Adsorption-desorption effect on physical aging in PMMA-silica nanocomposites

Poly(methyl methacrylate) (PMMA)-silica nanocomposite was used to study the adsorption-desorption of polymer chains on the surface of silica nanoparticles. We demonstrate that the adsorption-desorption is a dynamic process with respect to temperature and time. The adsorption condition could be changed after annealing at T-g + 16 C. Then, the physical aging under confinement was investigated under different adsorption conditions. At relatively high aging temperatures, we reveal a one-step equilibration with reduced enthalpy recovery of nanocomposite compared with neat PMMA. In contrast, the aging rate of composite is decelerated and then accelerated after a long period of aging at a relatively low temperature due to the emergence of two-step equilibration. Furthermore, the material system with a higher adsorption fraction exhibits a stronger confinement effect on aging.

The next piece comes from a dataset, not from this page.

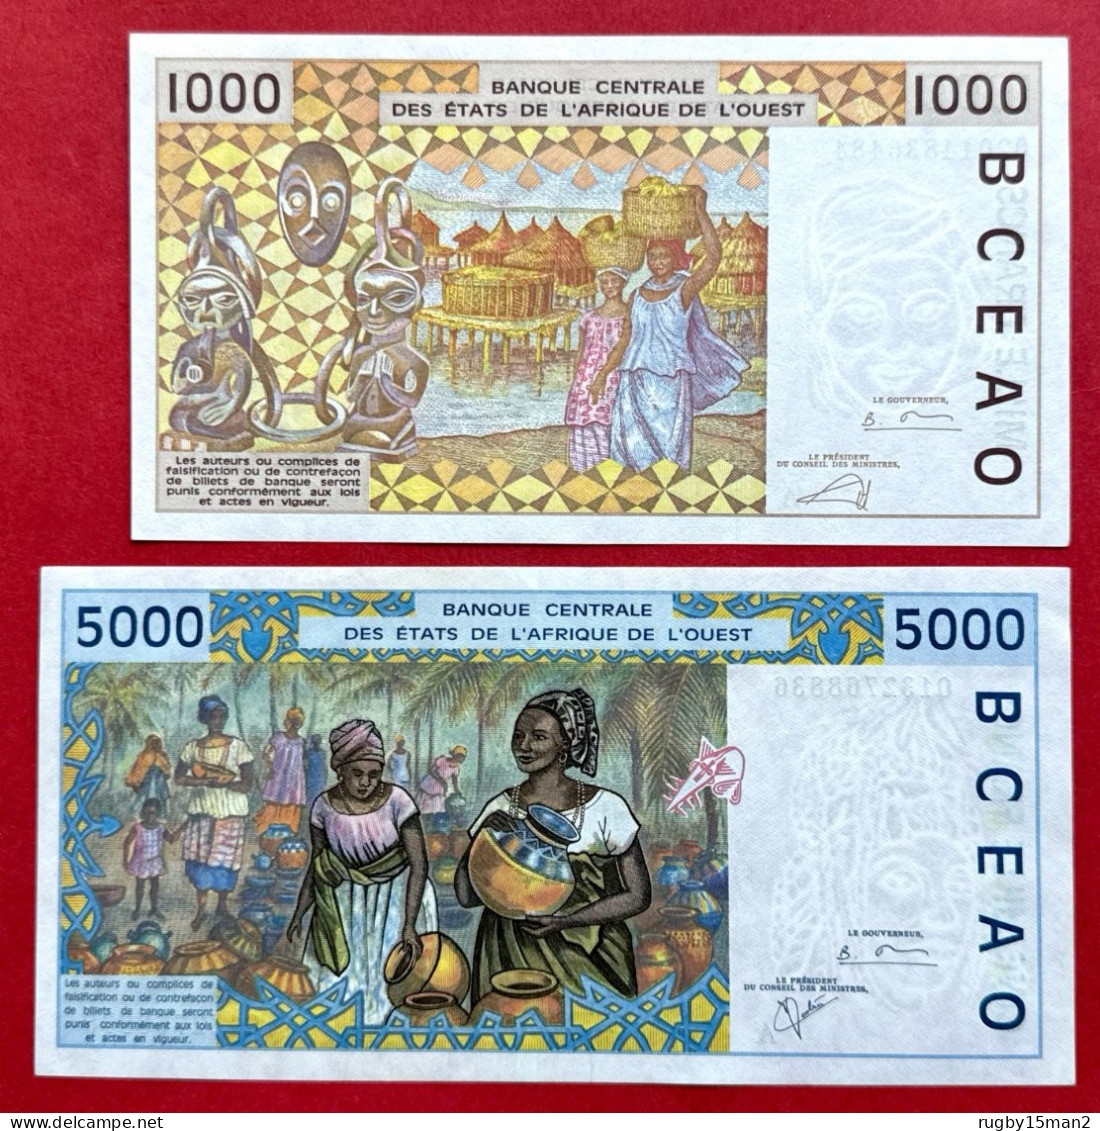 N°82 BILLETS DE 1000 & 5000 FRANCS COTE D'IVOIRE NEUF/UNC & Pr NEUF/aUNC - Costa D'Avorio

We speculate that the transition from one-step to two-step equilibration corresponds to the activation of segmental alpha & PRIME; relaxation in the interfacial region. The adsorbed chains result in restrained segmental alpha & PRIME; and beta & PRIME; relaxation and low enthalpy recovery at relatively high aging temperatures. At a relatively low temperature, the interfacial alpha & PRIME; relaxation with high released enthalpy comes to the surface after a long aging time, inducing the elevated aging rate.

Automated summary

In this study, the adsorption-desorption of polymer chains on the surface of silica nanoparticles in PMMA-silica nanocomposite was investigated. The results showed that the adsorption-desorption process is dynamic and influenced by temperature and time. The adsorption condition can be altered through annealing, and the physical aging behavior under different adsorption conditions was analyzed.